Monitoring with Purpose
By Jason Dixon · Friday, February 4, 2011
If you work on Internet systems all day like we do, there's a good chance you use some sort of monitoring software. Almost every business knows they need monitoring. If you're a small company or organization, you probably started out with something free like Nagios. Or maybe you're a really small company and prefer to outsource your alerts to a web service like Pingdom. Either way, you understand that it's important to know when your websites and mailservers are down. But do you monitor with purpose?

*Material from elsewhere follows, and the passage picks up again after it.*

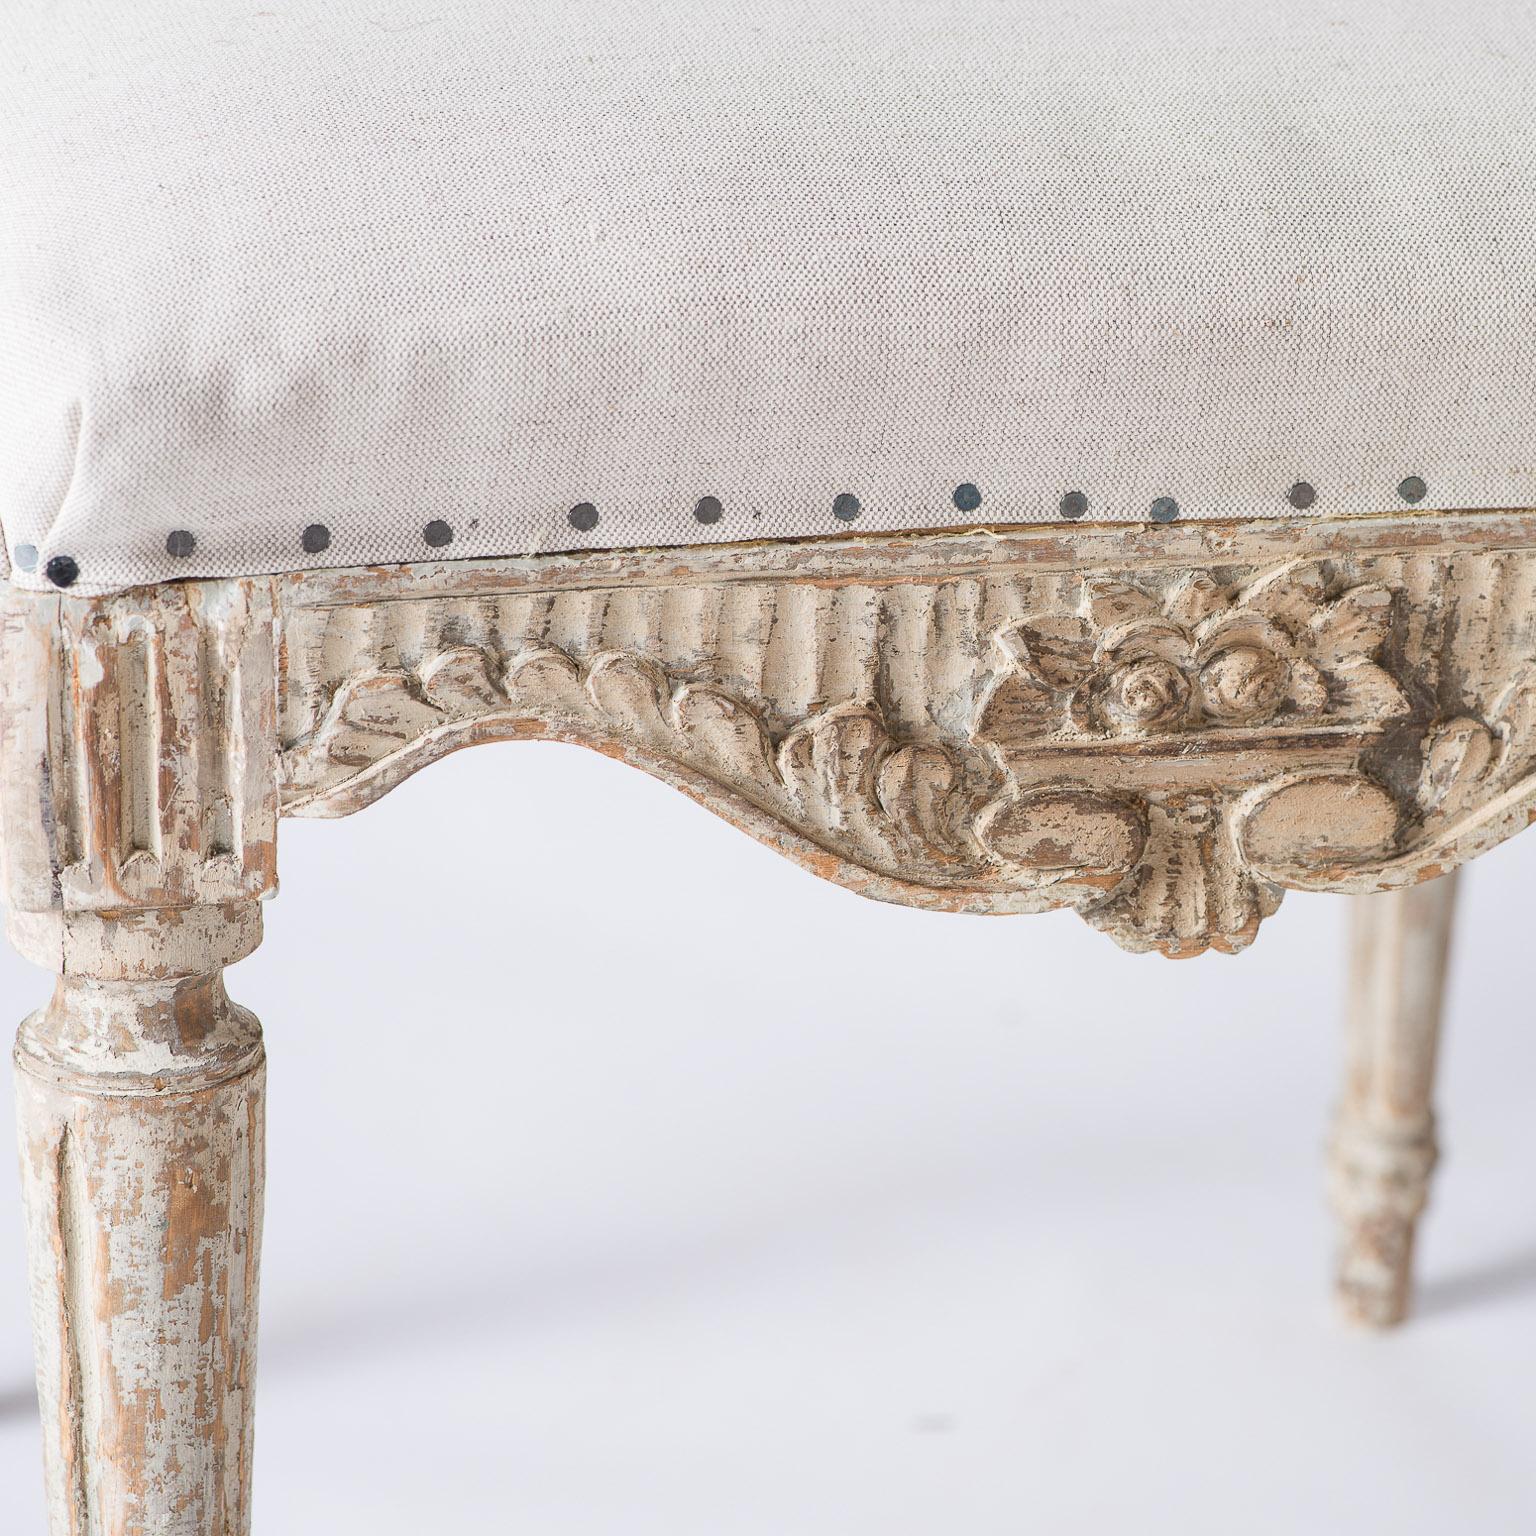 These footstools of the Gustavian period are unusual due to their generous size and elaborate carvings. They are finished on all four sides with a richly carved flower motif flanked by scrolls in the form of leaves and ending in elegant reeded legs.

All too often I encounter installations where the Systems Administrator has spent countless hours setting up their checks, making sure their thresholds and notifications work as designed, without really considering what their response might be in the face of disaster (or an inconvenient page at 3am). Operations folk have been trained to make sure their systems are pingable, their CPU temperature is running cool and the system load is at a reasonable level. But what do you do when that alert comes in because the website load is running at 10 for the last 15 minutes? Is that bad? How can you be certain?
The art of monitoring isn't simply reactive in nature. A good SysAdmin will understand that real monitoring takes an active presence. Talk to your DBAs, software engineers and architects. Learn how the various components of your system(s) interact and relate, both in good times and bad. Review your performance trends (graphs) to see how each metric evolves over time. Without understanding the functional scope of your systems, you can't expect to set meaningful thresholds on them.
Last but not least, every alert *should be*actionable. Getting paged because your application server is down is useless unless you have the proper remediation path documented and tested. Know what actions are needed, who should perform them, and what parties to escalate to in case the remediation fails. Focusing your energies on purposeful monitoring results in fewer false alarms, faster recovery from failures and regression, and an acute understanding of your entire application stack.